No — it's also a solid pick for any small ArduPilot/PX4 build where 20×20 mounting and 6.5 g matter. But its distinctive features (open hardware, PX4-V6 compliance, 500 Hz IMU ROS topic) are aimed at autonomy work; if you just want a general-purpose FC, the H743 V2 gives you more UARTs, analog OSD and Bluetooth for similar money.

How do I connect a companion computer (Jetson / Pi)?

Wire the companion's UART to UART4 (TELEM2 on PX4) and set it up as a MAVLink port — the standard PX4 offboard-control path. UART2 stays free for a telemetry radio like the LR900.

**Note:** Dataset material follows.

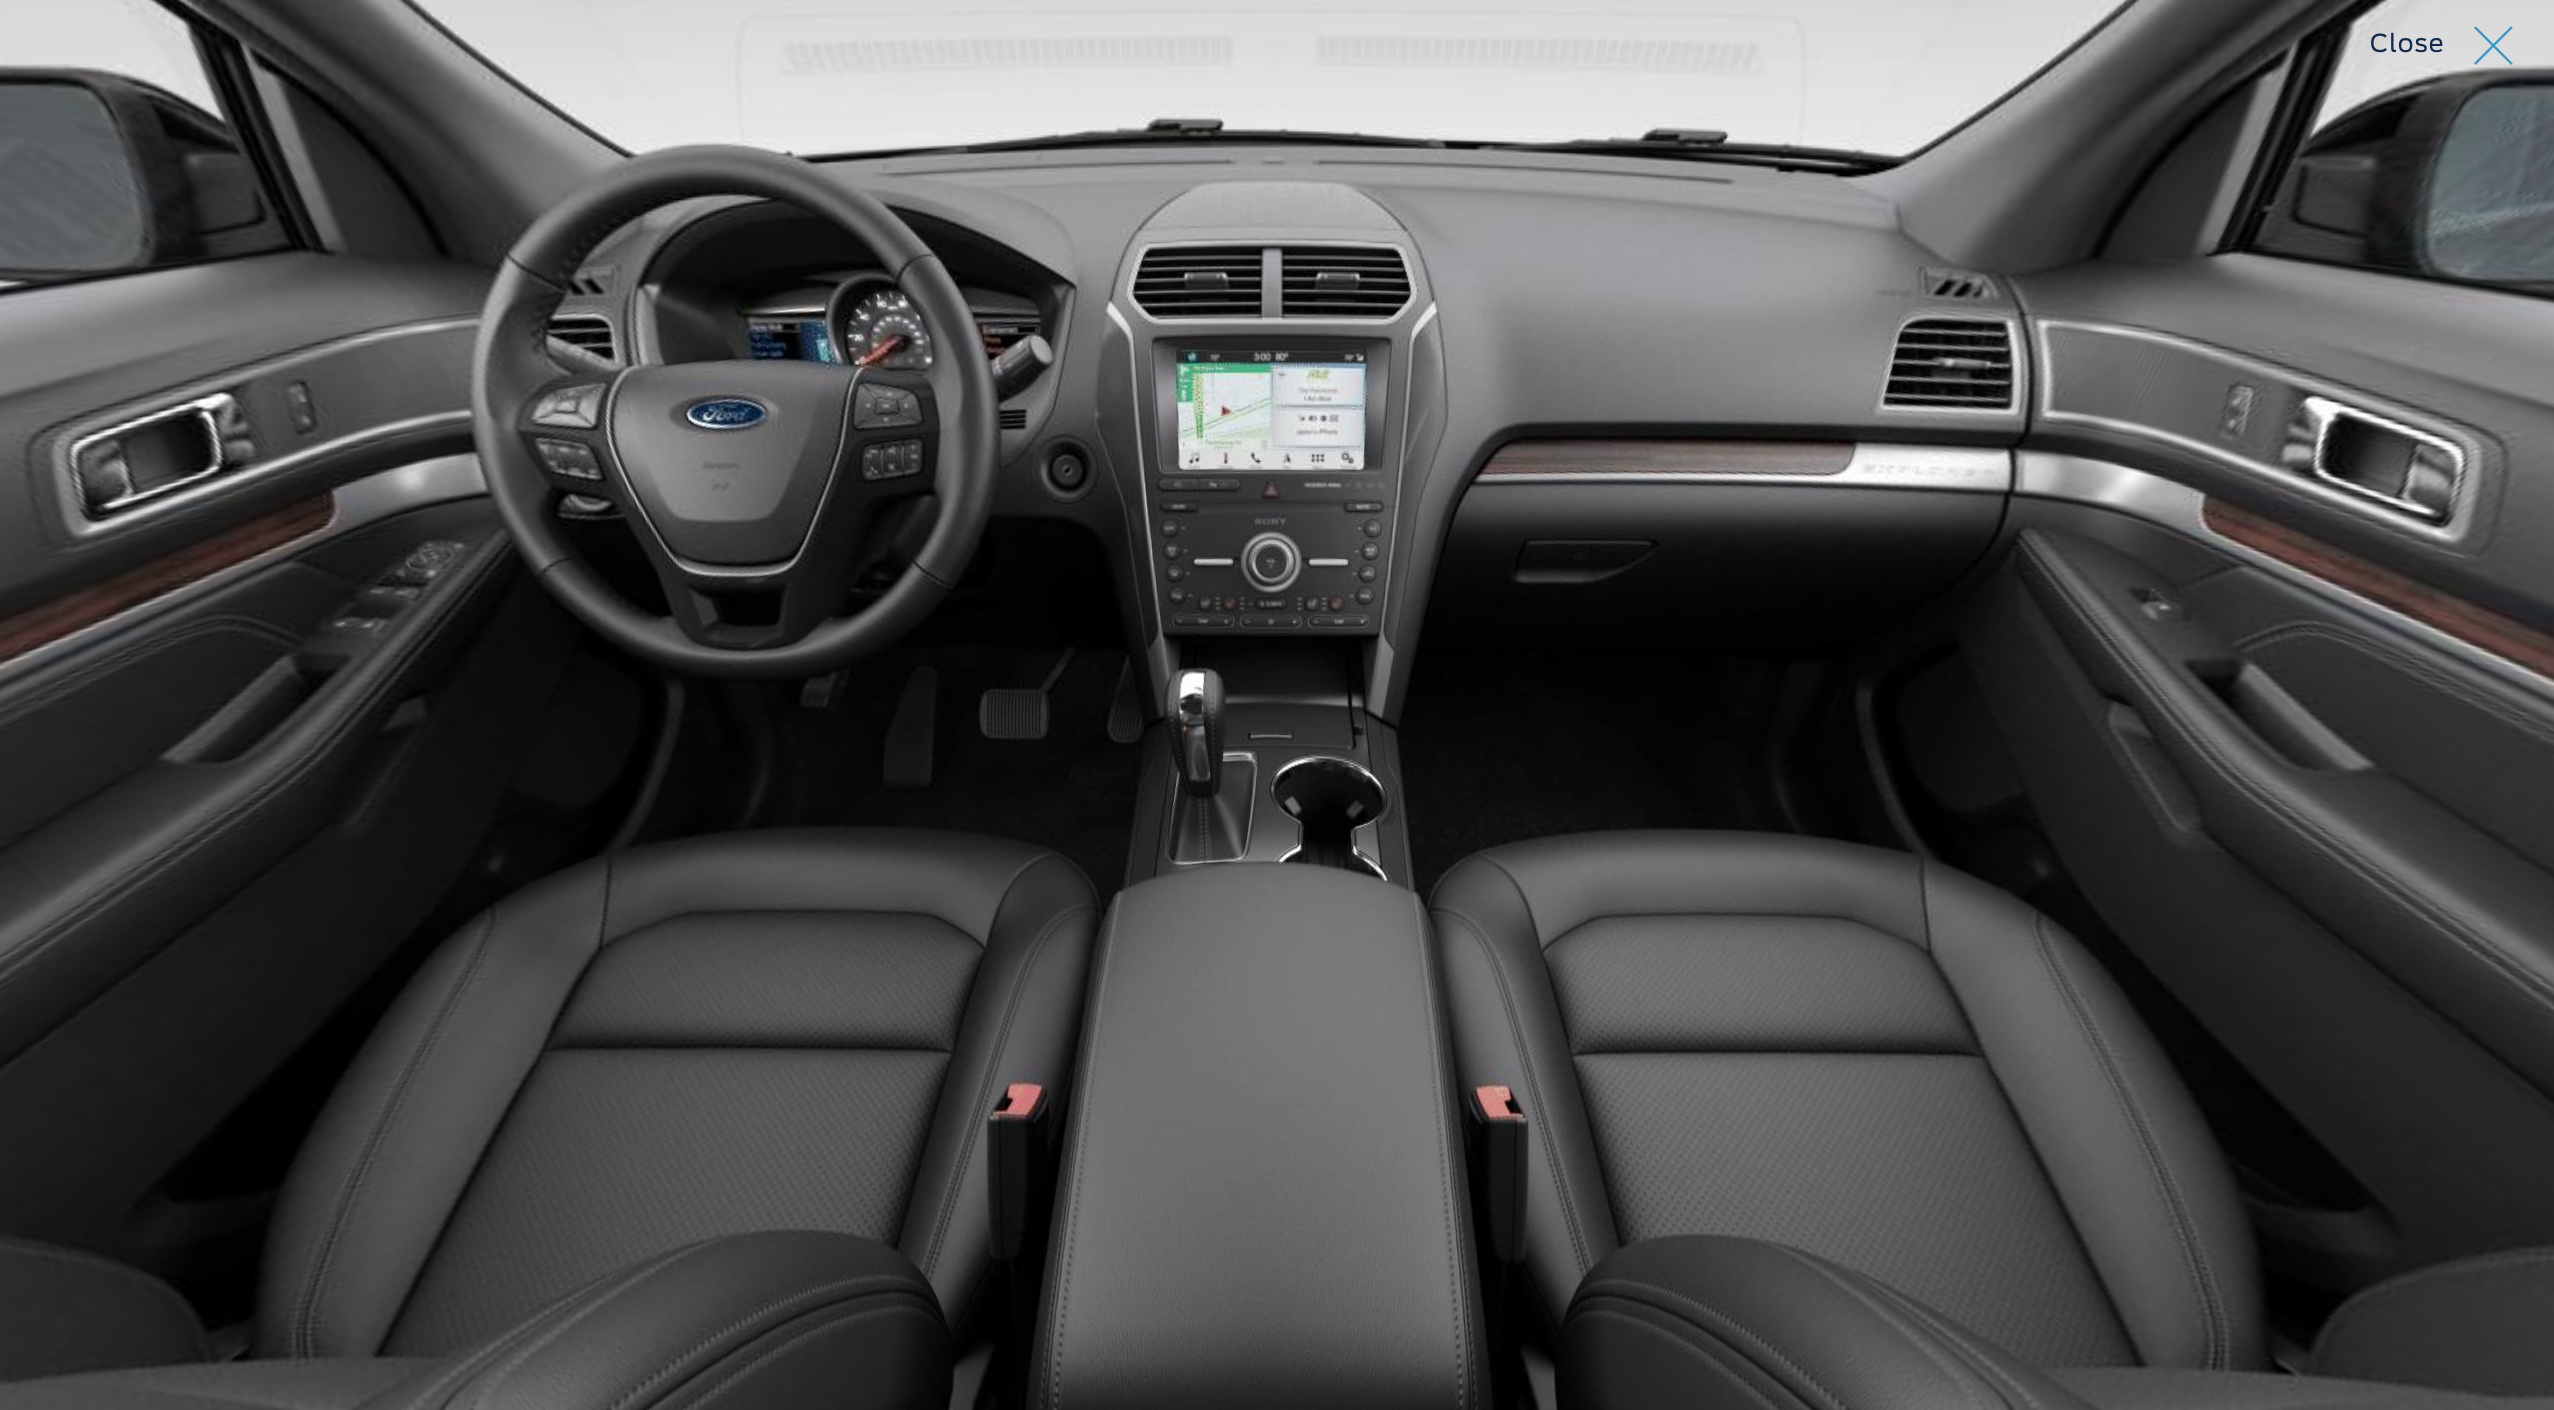 2019 Ford Explorer Interior Colors

Can it fly FPV with analog video?

Not directly — there's no analog OSD chip. Pair it with an HD system (DJI O3) via the HD VTX connector, or add an external OSD. For analog-first builds, choose the F405 V2 or H743 V2.


Written and maintained by the Robofusion engineering team. Hardware reference data from MicoAir Tech, HKUST UAV Group, and the ArduPilot documentation (CC BY-SA 3.0).